Methods & design process

The following design research methods were used: systematic literature review; individual interviews; Grounded-theory type data analysis and synthesis; comparison of the framework’s initial 0.1 version with other national ML frameworks; validation of the 0.2 DML framework version through focus groups (FG) and an online survey; and translation of the Dutch version into English (see, Fig. 2).

Fig. 2
figure 2

Developing the first Dutch medical leadership competency framework

Setting and actors

Given the absence of a Dutch ML taxonomy and anticipating an increase in the use of unofficial translations of foreign (and especially UK) frameworks, this project was initiated in early 2013 by researchers from the University of Twente (UT) and members of the Platform Medical Leadership (PML). PMLFootnote 1 is a non-profit Dutch foundation based on the (free of charge) membership of approximately 200 Dutch individuals (2014), primarily physicians. Since its establishment in 2012, PML in team with the research group has been functioning as a ‘Community of Practice’ (CoP) in ML: a group of people “who share a concern, a set of problems or a passion about [ML] and who deepen their knowledge and expertise in this area by interacting on an ongoing basis … [and] … create tools, standards, generic designs, manuals, and other documents” ([33]: 4–5). A national consortium consisting of PML, UT and the Royal Dutch Medical Association (KNMG) began, with the objective to create and launch a national, evidence-based, open-access ML framework. PML and UT researchers agreed to engage in the collective long-term dual custodianship of the envisioned framework’s development and ongoing maintenance. After its development, under the academic scrutiny of the UT, and under the auspices of PML and KNMG, this consortium launched the 1.0 DML framework version in December 2015 (see: https://osf.io/qknds/) [18].

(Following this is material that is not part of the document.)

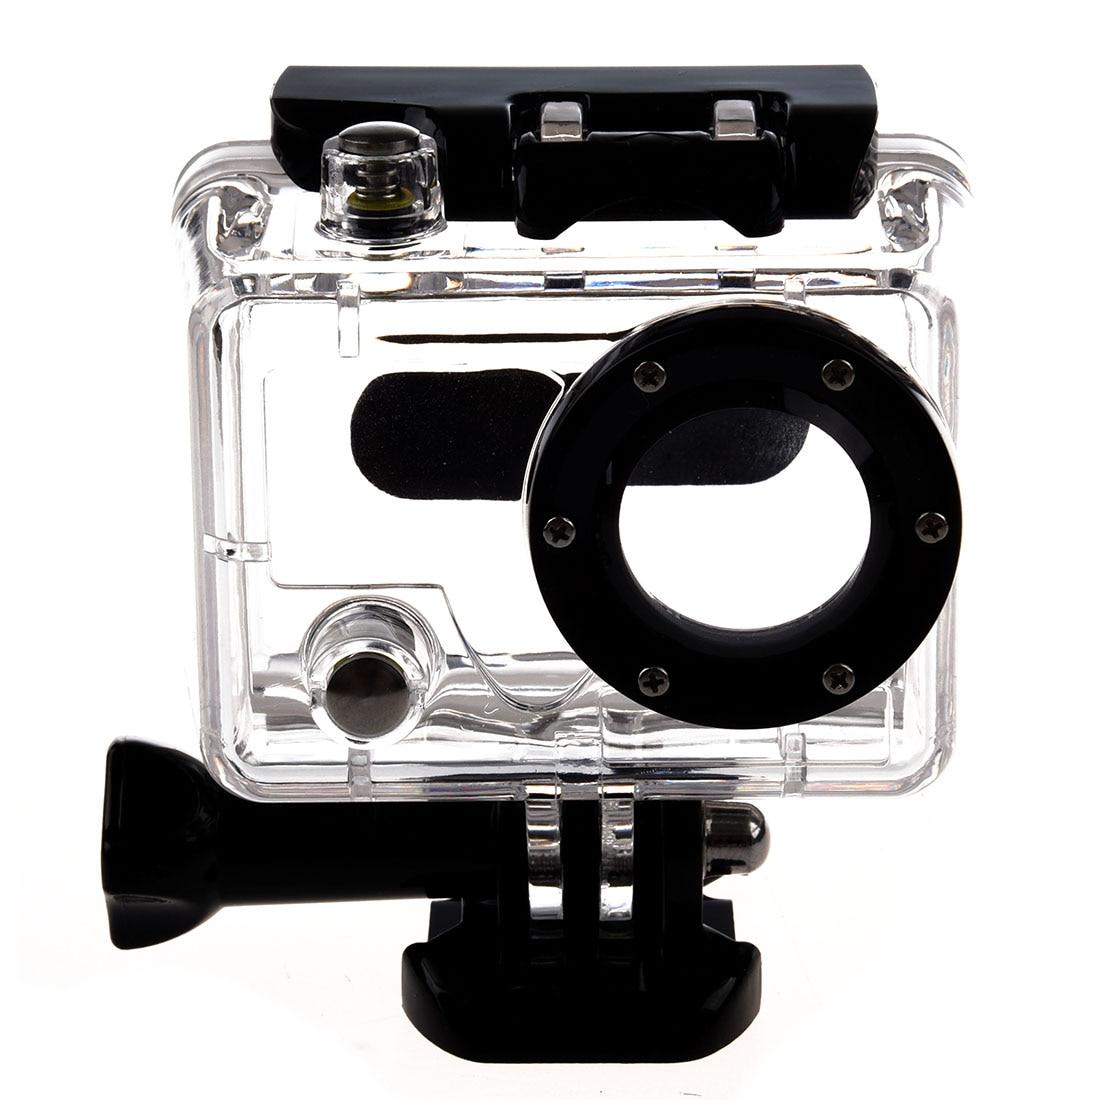 Plongée étanche Cas De Logement Squelette Avec Objectif Pour Gopro Hero 2 Caméra

Based on the limited literature about resources and approaches used in the development of other frameworks as well as on input from international expertsFootnote 2 [3, 19, 20], we contend that the way the DML framework was constructed differs in that it used an independent community or practice approach [33]. Before describing the methodologies we applied, we first want to discuss the strategic rationale for this approach and the context in which the work was done.

Research group

The framework’s research group of 14 individuals had an active core of eight persons, including: six physicians (with backgrounds in: primary care (2); surgery (2); internal medicine (1); and change management and coaching (1)); one MSc-level registered nurse / MSc health scientist; and a full-tenured professor in organizational behavior and leadership studies. The additional six individuals were: a KNMG policy advisor; a medical-education expert; a statistician; and three UT student assistants. Except for the two topic experts (WK; CW), the core group members were mainly recruited from the PML network. Others were invited based on interest, pragmatism and required expertise. Twelve of the 14 participated on a voluntary basis; the other two were remunerated (i.e., the university statistician and the KNMG policy advisor). The composition of the core group did not alter throughout the framework’s developmental process. Members of both groups engaged in specific tasks, in subgroups of varying sizes (Table 1); one core group member had a central coordinating role (WK). All eight researchers were involved in final consensus forming and prime decision making throughout all the phases.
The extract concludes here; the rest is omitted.